No Name followed them into the tangled bushes. The two women sometimes had to creep on hands and knees to get through, going down tiny narrow paths made by grouse and gophers. Full Kettle glanced back several times, but on each occasion No Name managed to duck out of sight in time, once in a washout and another behind a red stone.
The two women picked along, talking. Every now and then their talk erupted into laughter. No Name knew what they were laughing about. And he understood why Full Kettle might make merry about his undignified flight up the tree in the dark cold night, but not Leaf.
He stole after them, eyes glittering.
The sun rose slowly.
He heard Leaf exclaim about something. Carefully he parted the tangled brush, pushing until the furzy pricks stung him through the buckskin shirt.
Leaf was holding up a turtle by its stub tail. It was about the size of a man’s full hand. The turtle’s knob head kept poking around while its feet clawed air.

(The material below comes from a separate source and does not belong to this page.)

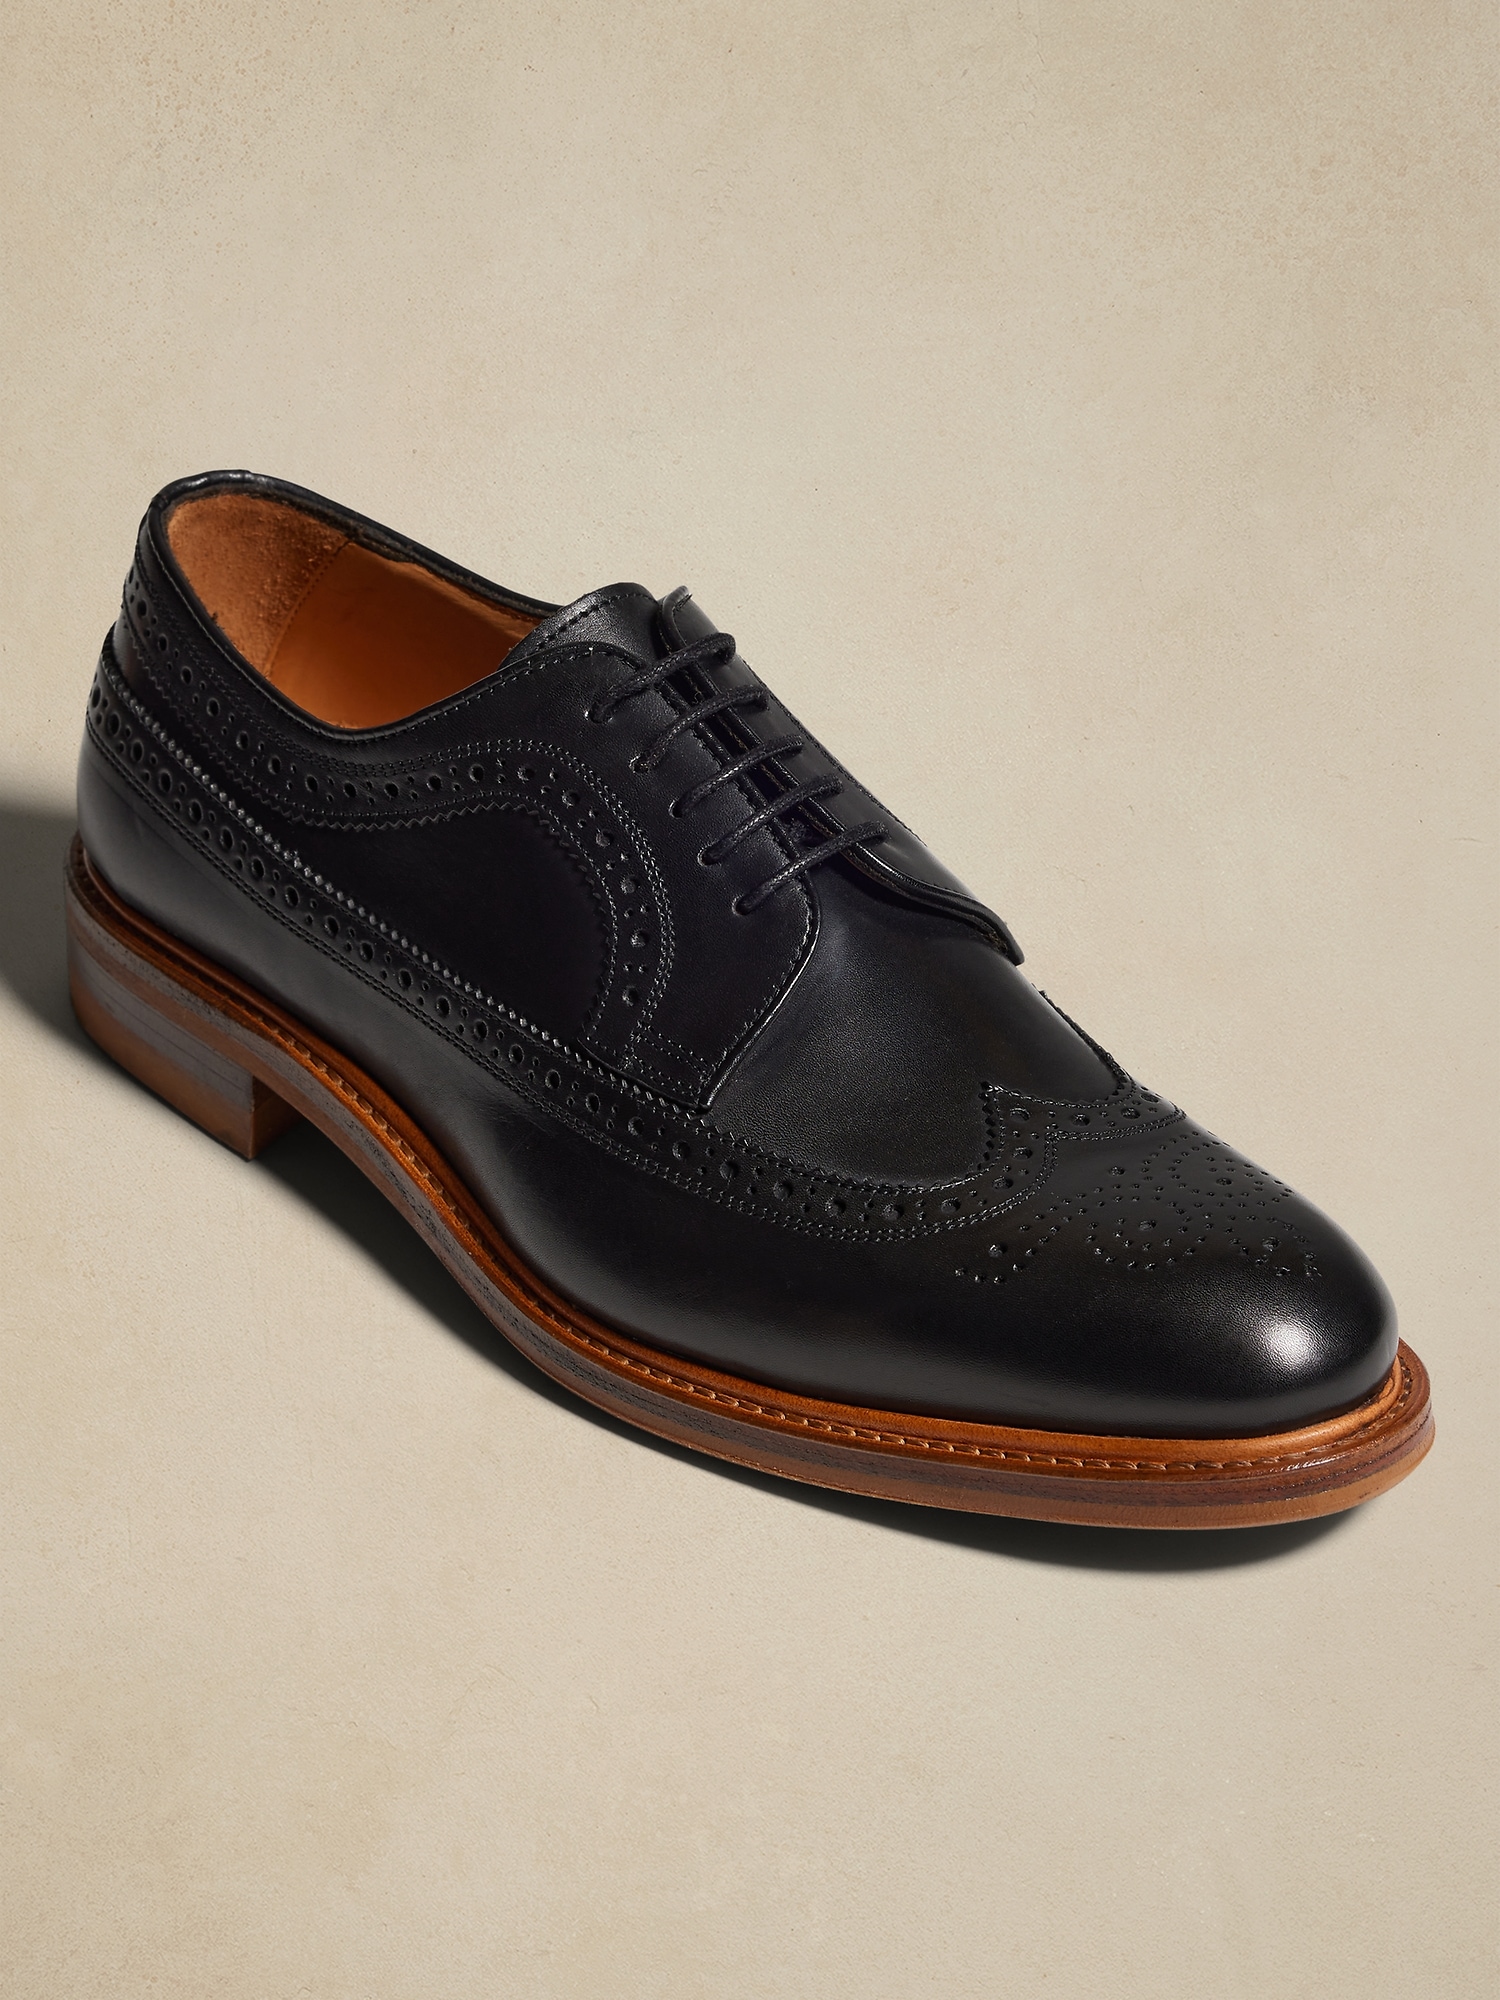 Buy Dark Grey Wingtip Formal Brogue Shoes for Men - Escaro Royale-calidas.vn

“It will make good soup,” Full Kettle said. “Owl Above will like it.”
Leaf laughed at its antics.
“Why do you laugh, my daughter?”
“It reminds one of how men are, my mother.”
Full Kettle looked down at the turtle a moment, then laughed too, her face wrinkling on either side of her pocked nose. “My daughter knows too many things for a maiden.”
Leaf gave her mother a wise look. “Thy daughter was given eyes to see with, my mother.”